Another course issue is quizzes. I am puzzled what these quizzes are testing. Provided answers often assume tentatively more than one correct variant. Probability theory works against you - you may happen to select correct answers for some questions , but definitely, not all of them. In the same time, it is quite easy to derive correct variant from second try.

Course programming assignments are complete disaster. While I kind liked programming assignments from week 1 and 2, I felt like I wasted my time working on programming assignments from week 3 and 4. I expected programming assignment to guide me through some training of complex networks, give some practical insight, which I can use for real-life tasks, but it was not there.

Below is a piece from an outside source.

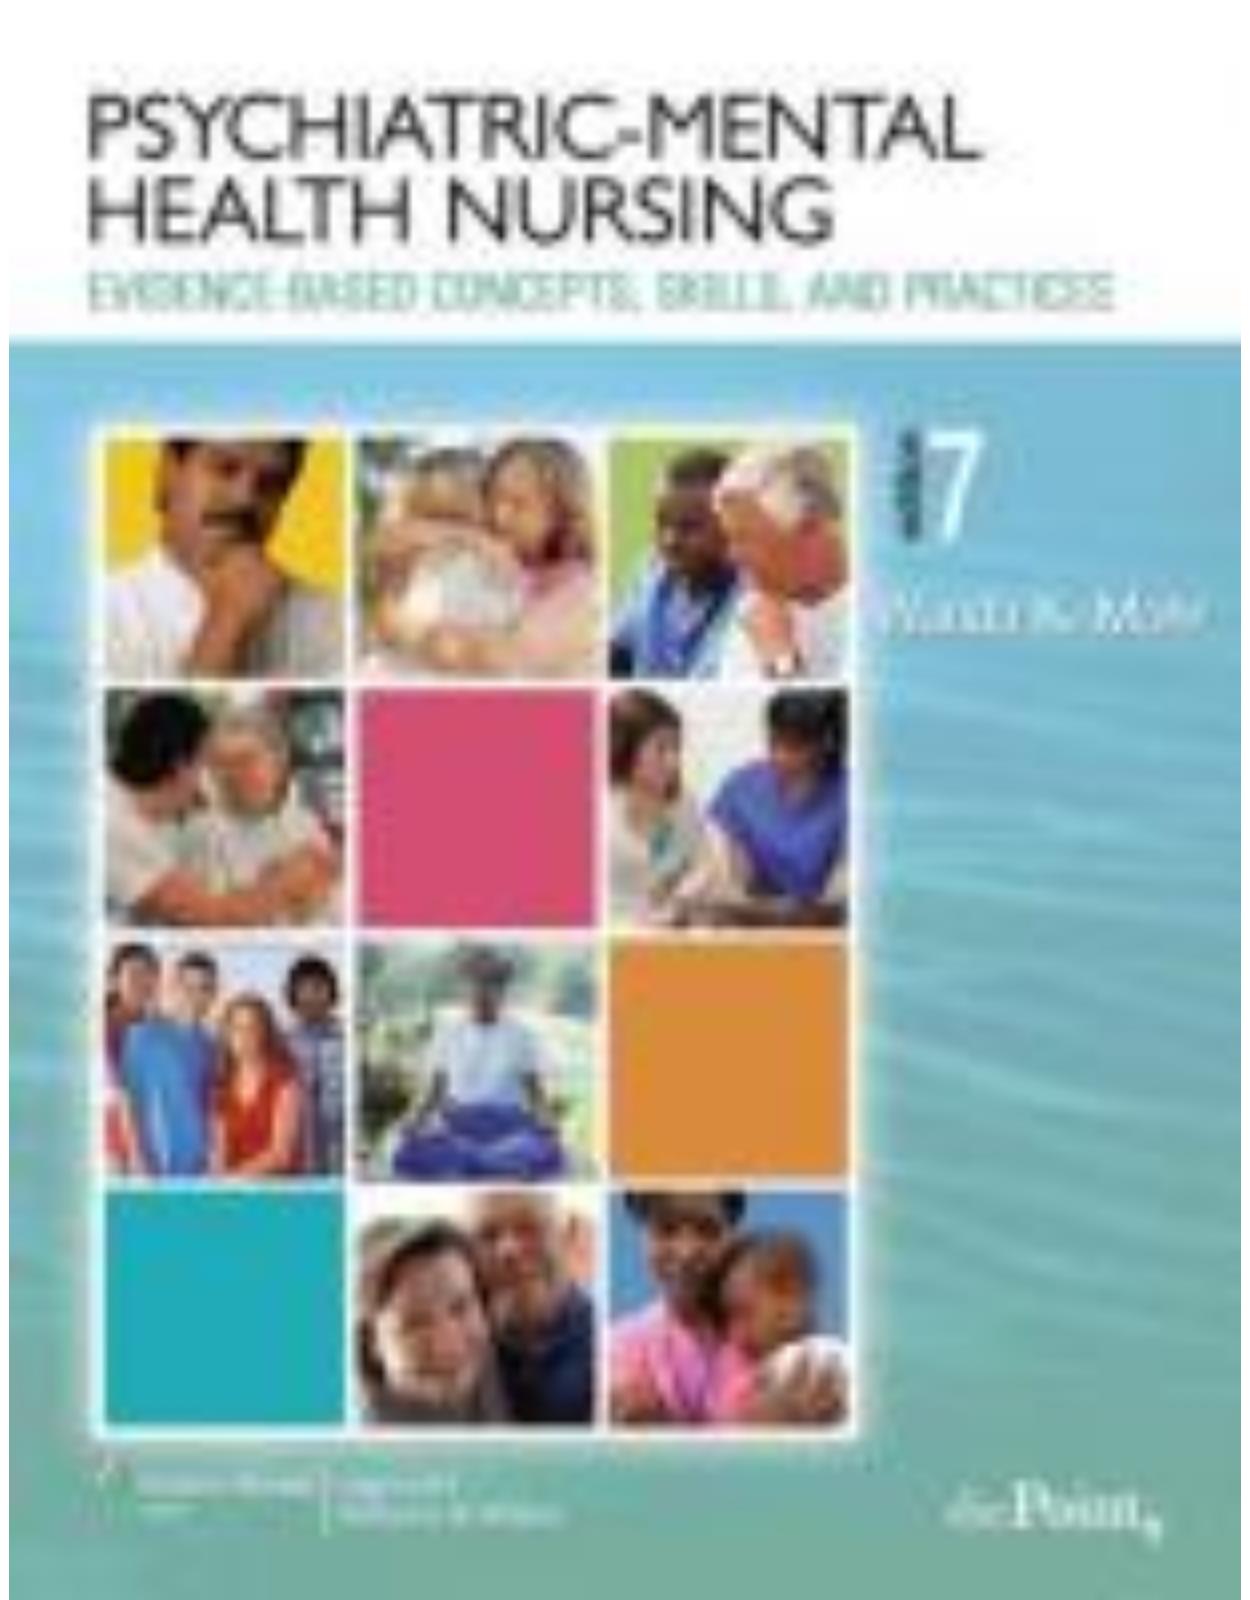 Psychiatric-mental Health Nursing: Evidence-based Concepts, Skills and Practices
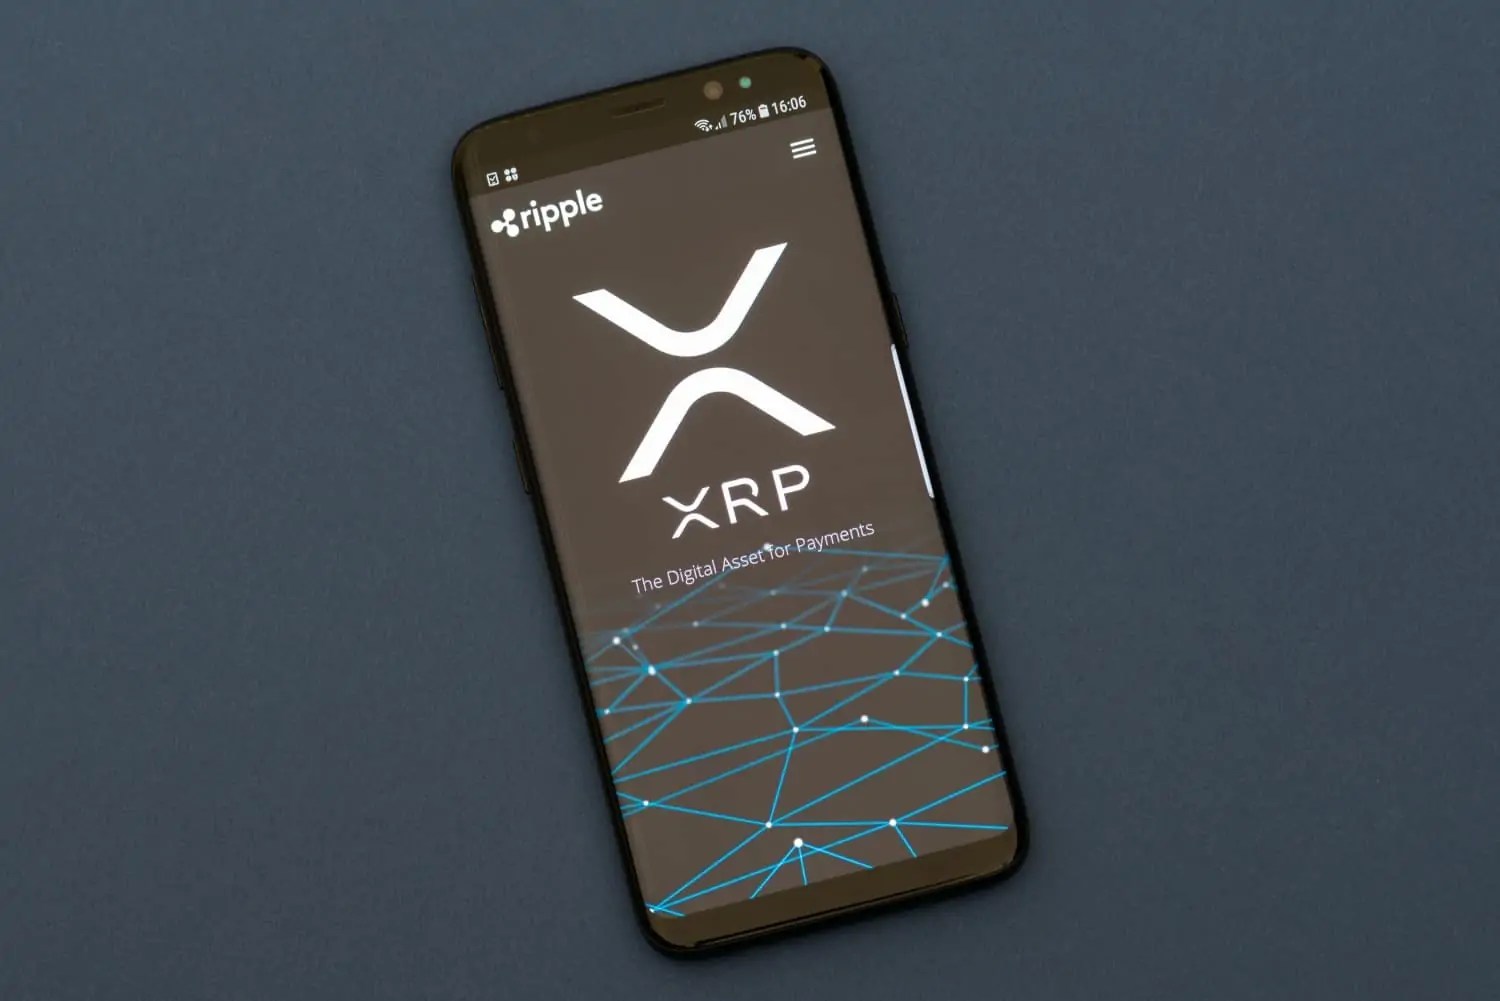 XRPs-regulatory-status-still-unclear-as-Ripple-discusses-with-SEC.jpg

There is a good introduction to TensorFlow, while Keras is not even touched. And many assignments of week 3 and 4 are using Keras. It is necessary to peek-up theory and practice regarding Keras elsewhere. After one get enough knowledge about Keras elsewhere - guess what - programming assignment becomes useless as education, because it is too trivial.

I really wanted to rate this course as Two-Stars, but video materials and programming assignments from week 1 and week 2 slightly improved my attitude.